■ **Exercise goal**: I need the lines below from the one with "CY Transport - une" down to the one with "Publication au Moniteur belge du 4 aot 1914" reproduced exactly, both ends included, and nothing else.

■ **Source information**:
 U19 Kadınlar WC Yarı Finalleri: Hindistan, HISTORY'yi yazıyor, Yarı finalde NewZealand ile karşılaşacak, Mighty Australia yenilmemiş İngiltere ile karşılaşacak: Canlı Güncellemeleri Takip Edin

---

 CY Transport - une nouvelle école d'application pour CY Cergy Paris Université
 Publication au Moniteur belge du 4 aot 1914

■ **Solution to this task**:
 CY Transport - une nouvelle école d'application pour CY Cergy Paris Université
 Publication au Moniteur belge du 4 aot 1914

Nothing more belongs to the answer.